The memorial consists of an obelisk in Portland stone standing on a stepped plinth in York stone. The obelisk is about 12.8 m high on a plinth about 2.1 m in height. Around the plinth are 30 bronze tablets inscribed with the names of the 818 men who died in the First World War. On the base of the obelisk is the coat of arms of Widnes. At the top of the obelisk is a flaming urn to symbolise immortality. The corners of the plinth are angled and contain carved laurel wreathes. Higher in the plinth are eight bronze tablets with the names of those lost in the Second World War. Towards the top of the obelisk on all four faces are crosses carved in relief. Below the crosses on the north and south sides are palm branches, and below those on the east and west sides are laurel wreathes.

In a panel on the front (south) side of the plinth is an inscription reading as follows.

ERECTED BY THE CITIZENS
OF THE BOROUGH OF WIDNES
IN COMMEMORATION OF THE
MEN OF THIS PLACE WHO MADE
THE SUPREME SACRIFICE IN
THE GREAT WAR OF 1914 – 1919
THIS FOUNDATION STONE WAS
LAID 28TH AUGUST 1920 BY
ALDERMAN EDWIN WOOD – MAYOR

On the same face, above the smaller plaques, is an inscription reading as follows.

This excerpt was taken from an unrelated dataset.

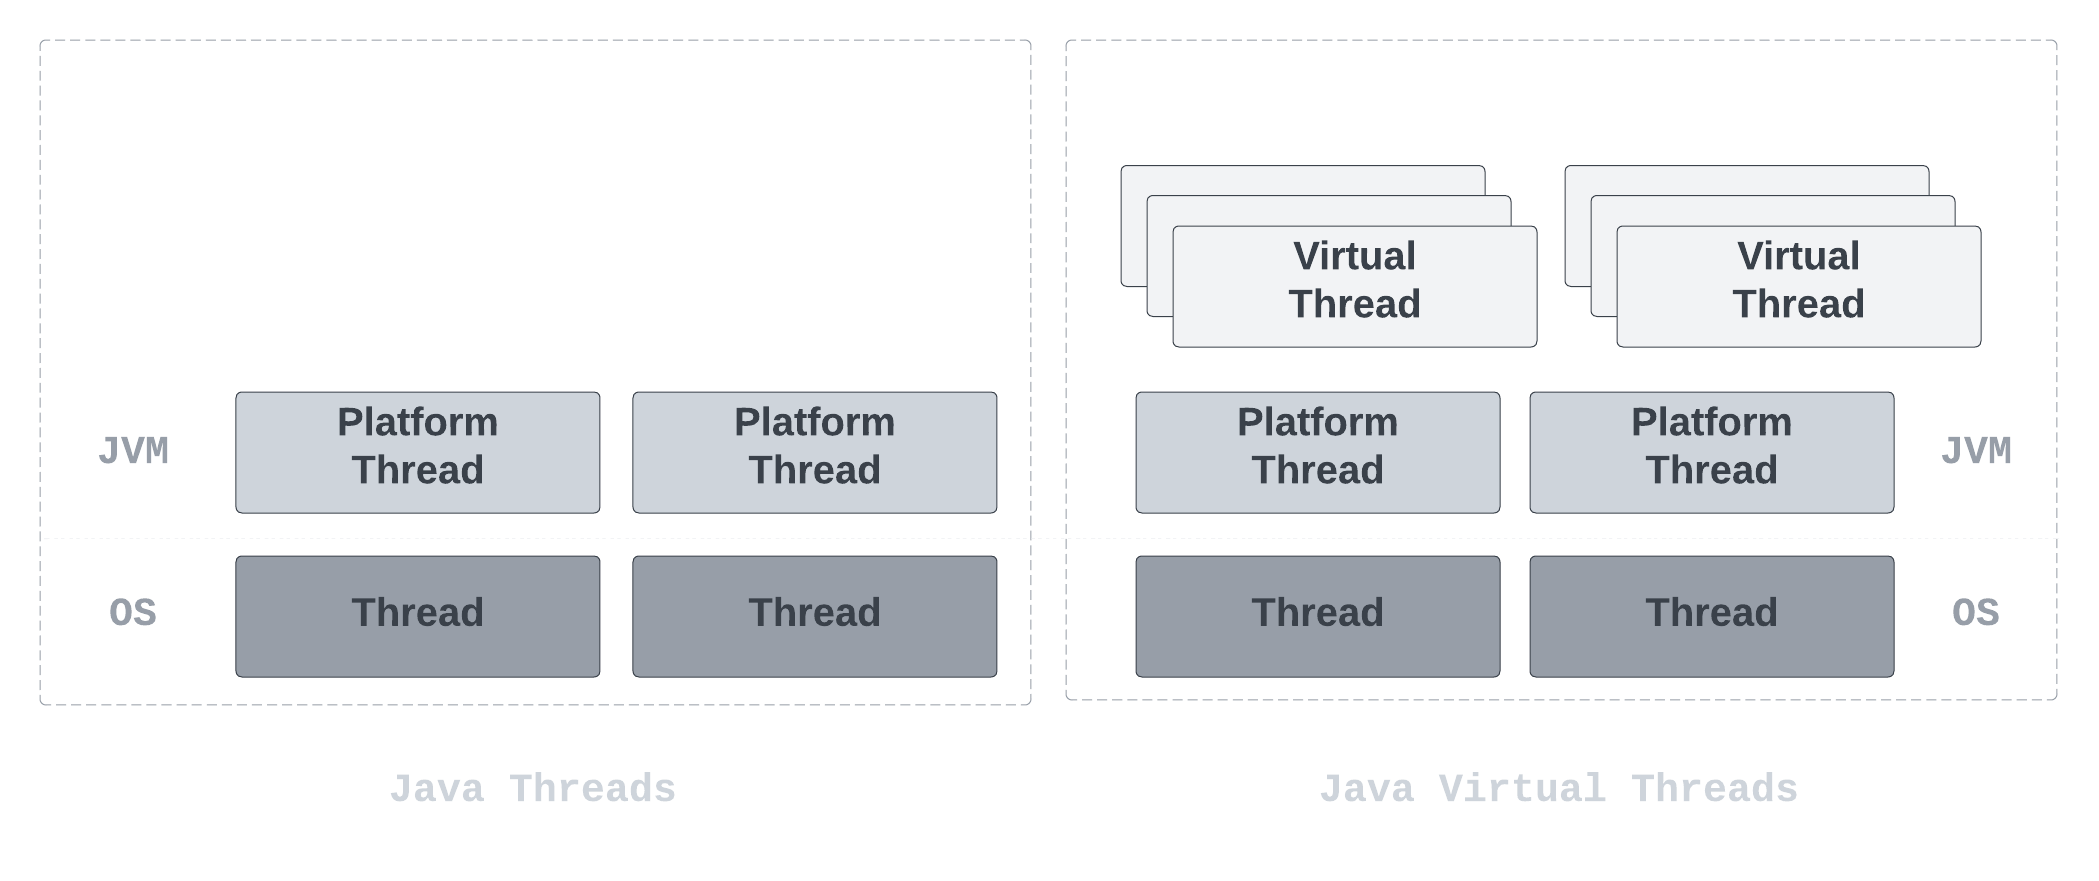 Virtual threads vs. platform threads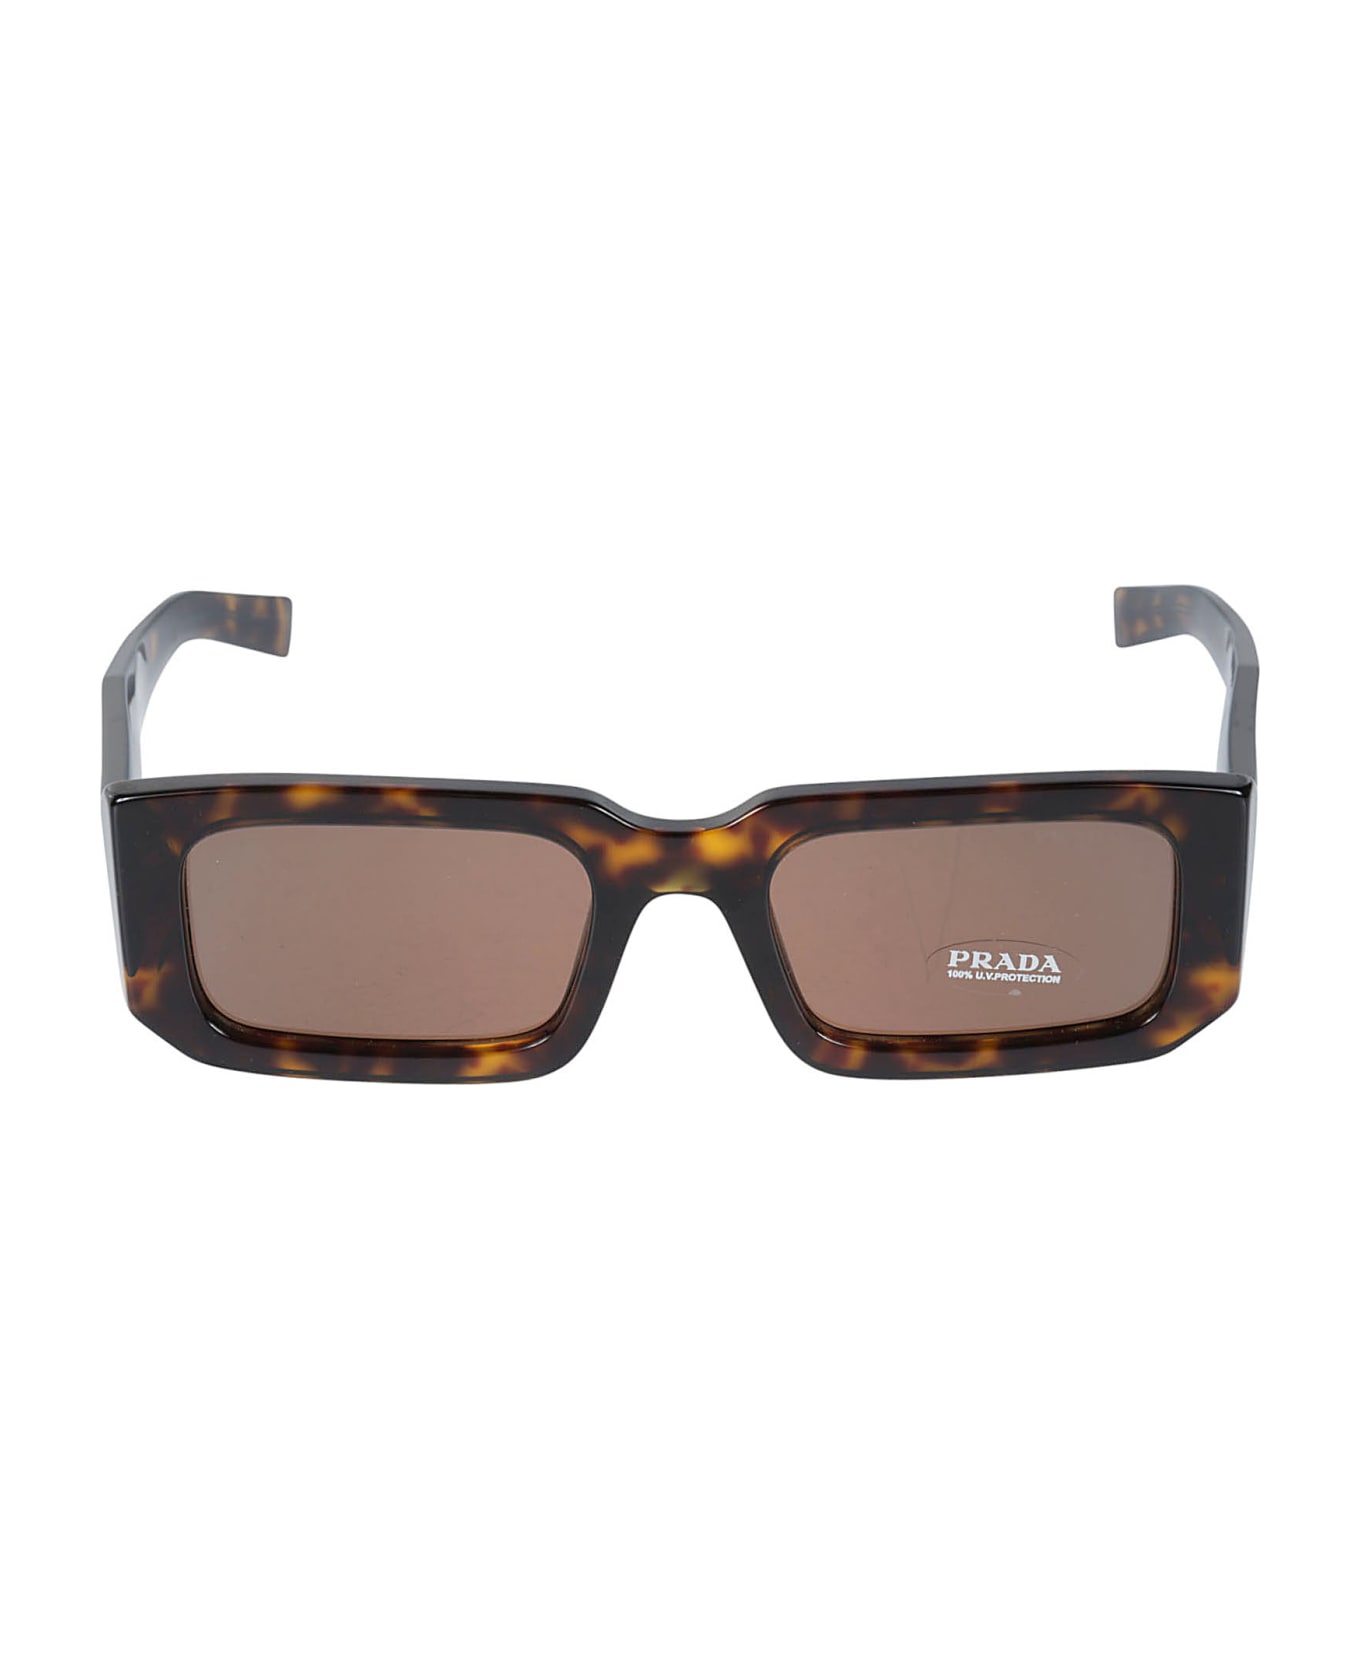 Prada Eyewear Square Frame Sunglasses - 2AU8C1 サングラス

IN MEMORY OF THE MEN OF WIDNES WHO GAVE THEIR LIVES
1939 – 1945
UNVEILED BY ALDERMAN T SWALE MAYOR 12TH APRIL 1950

On the front of the base of the obelisk is an inscription reading:

THIS MEMORIAL WAS UNVEILED
SEPTEMBER 28TH 1921 BY THE
RIGHT HON THE EARL OF DERBY KG

On the left (west) side the inscription reads:

TO OUR
GLORIOUS
DEAD
1914 – 1919
1939 – 1945

On the right side the inscription is:

THE BLOOD
OF HEROES
IS THE SEED
OF FREEDOM

And at the back is inscribed:

THEIR NAME
LIVETH FOR
EVERMORE

==Appraisal==

The monument was designated as a Grade II listed building on 21 August 2007. Grade II is the lowest of the three grades of listing and is applied to "buildings of national importance and special interest". In the citation for listing it is described as being "intricately carved and highly imposing", it incorporates "symbolic imagery" and "richly detailed carvings", making it a "striking and prominent architectural feature". Pollard and Pevsner in the Buildings of England series describe it as being "impressive and dignified".